Returns: Returns a dictionary. The keys (k) are structure indices of unique representative structures, and the values (v) are arrays of integer, indicating all structure indices equivalent to k (containing k itself too). For instance, the dictionary:

{"0": [0, 1, 3, 8, 9],
 "2": [2, 5, 6],
 "4": [4, 7]}
indicates that in the structures set with indices [0, 1, 2, 3, 4, 5, 6, 7, 8, 9] there are just three distinct structures. These can be represented by strucutres 0, 2 and 4. The structures [0, 1, 3, 8, 9] are all equivalent, etc.
Notice that here equivalence is used in the sense explained above: It is symmetrical equivalence only if cpool and comat are None.
clusterx.utils.sub_folders(root)

Return list of subfolders

Parameters:

root: string

path of the absolute folder for which you want to get the list of subfolders.

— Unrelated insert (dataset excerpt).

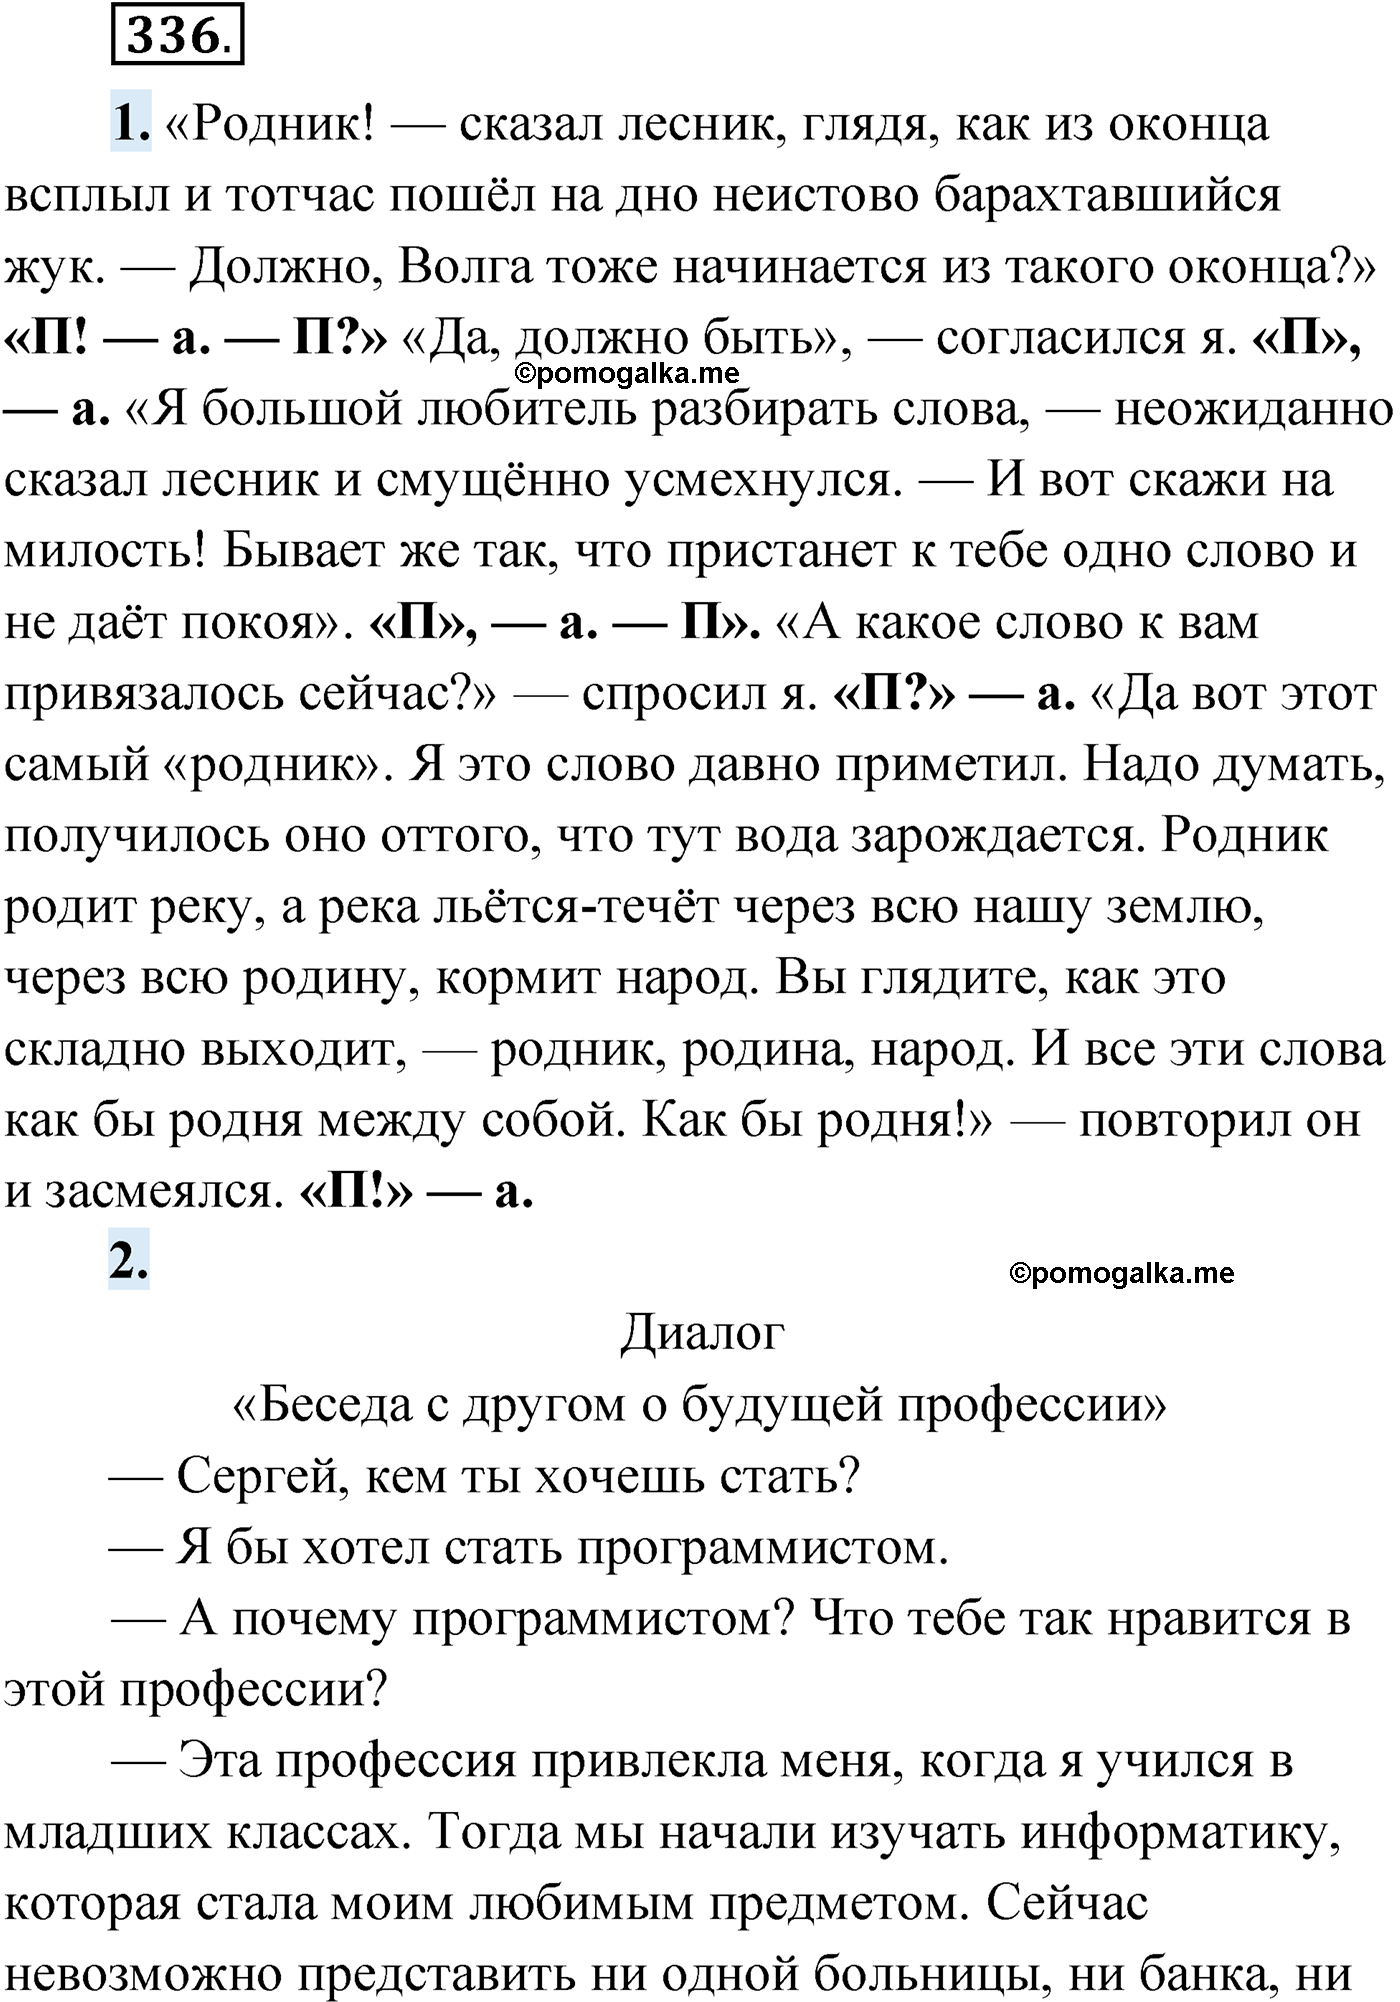 упражнение №336 русский язык 9 класс Мурина 2019 год
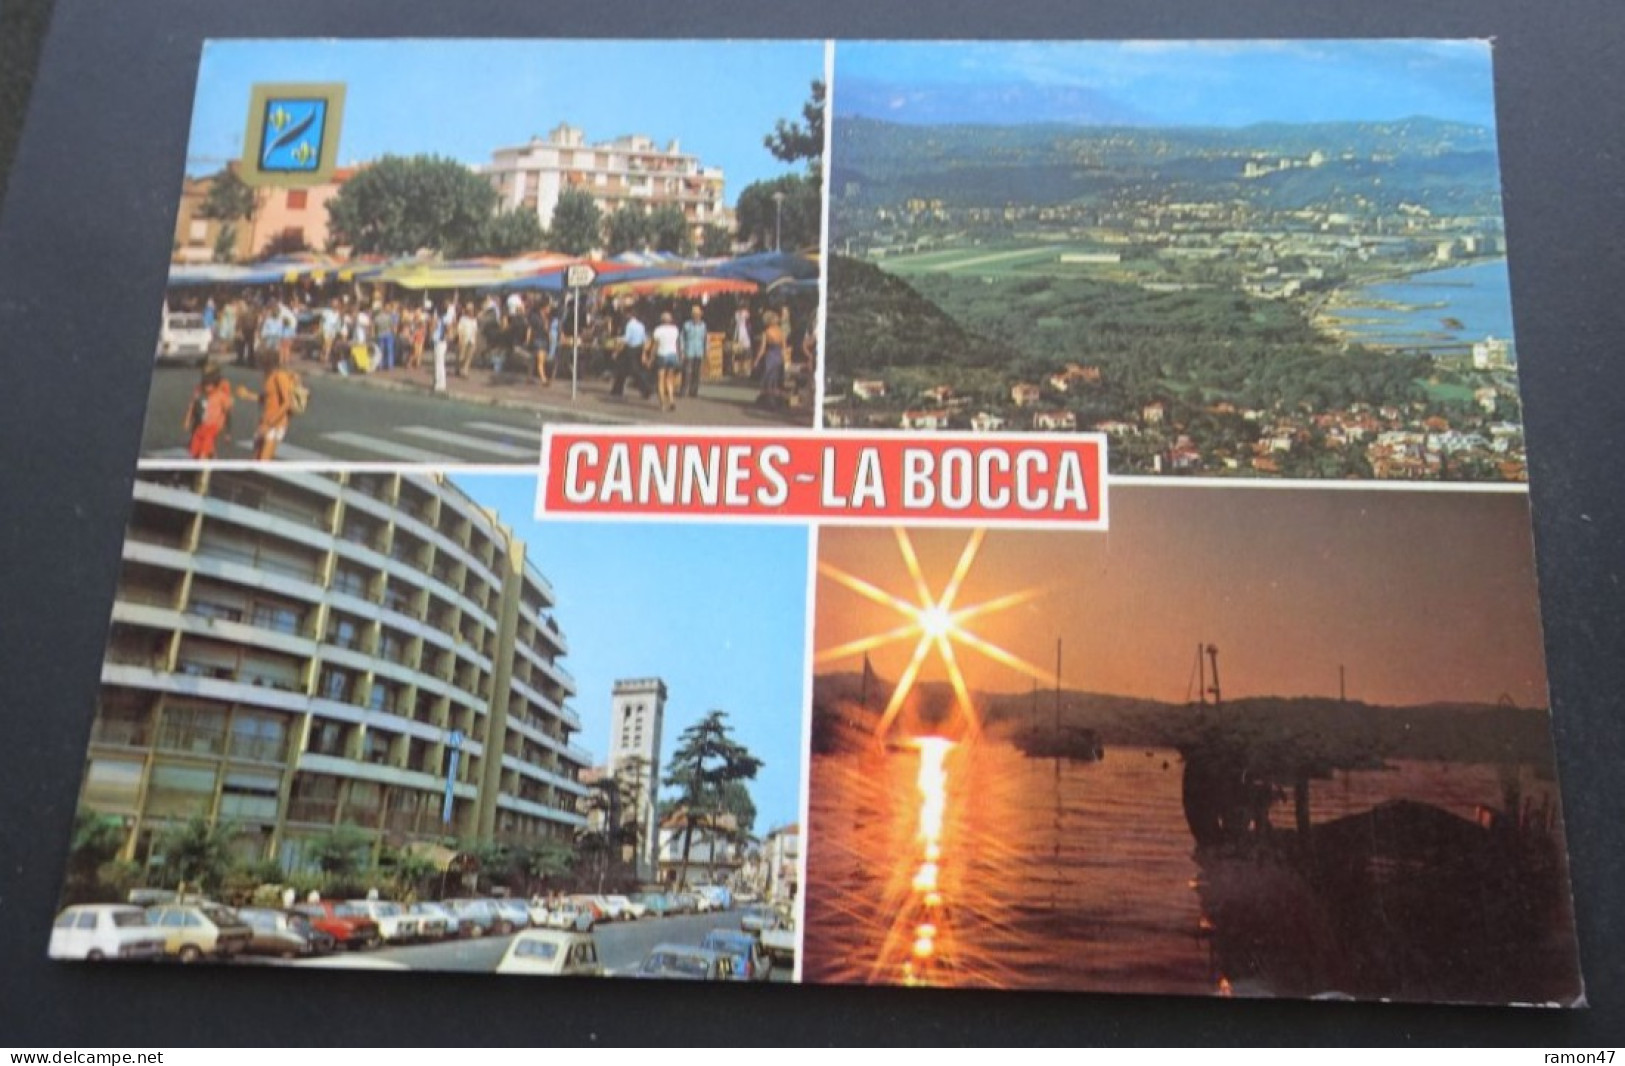 Cannes-La Bocca - Souvenir - Sté Altari, Nice - Cannes

clusterx.utils.super_structure(struc0, d)

Create a super structure

This function takes a Structure instance (struc0) and creates a new structure which is obtained as the periodic repetition of the original structure along its unit cell vectors. The number of repetitions along each cell vector is given by the three components of the input integer vector d.

Parameters:

struc0: Structure object

Original structure for the superstructure.

d: int, three-component integer array, or 3x3 integer array

The super structure is obtained by the transformation d S, with d a 3x3 matrix of integer and S the supercell cell vectors.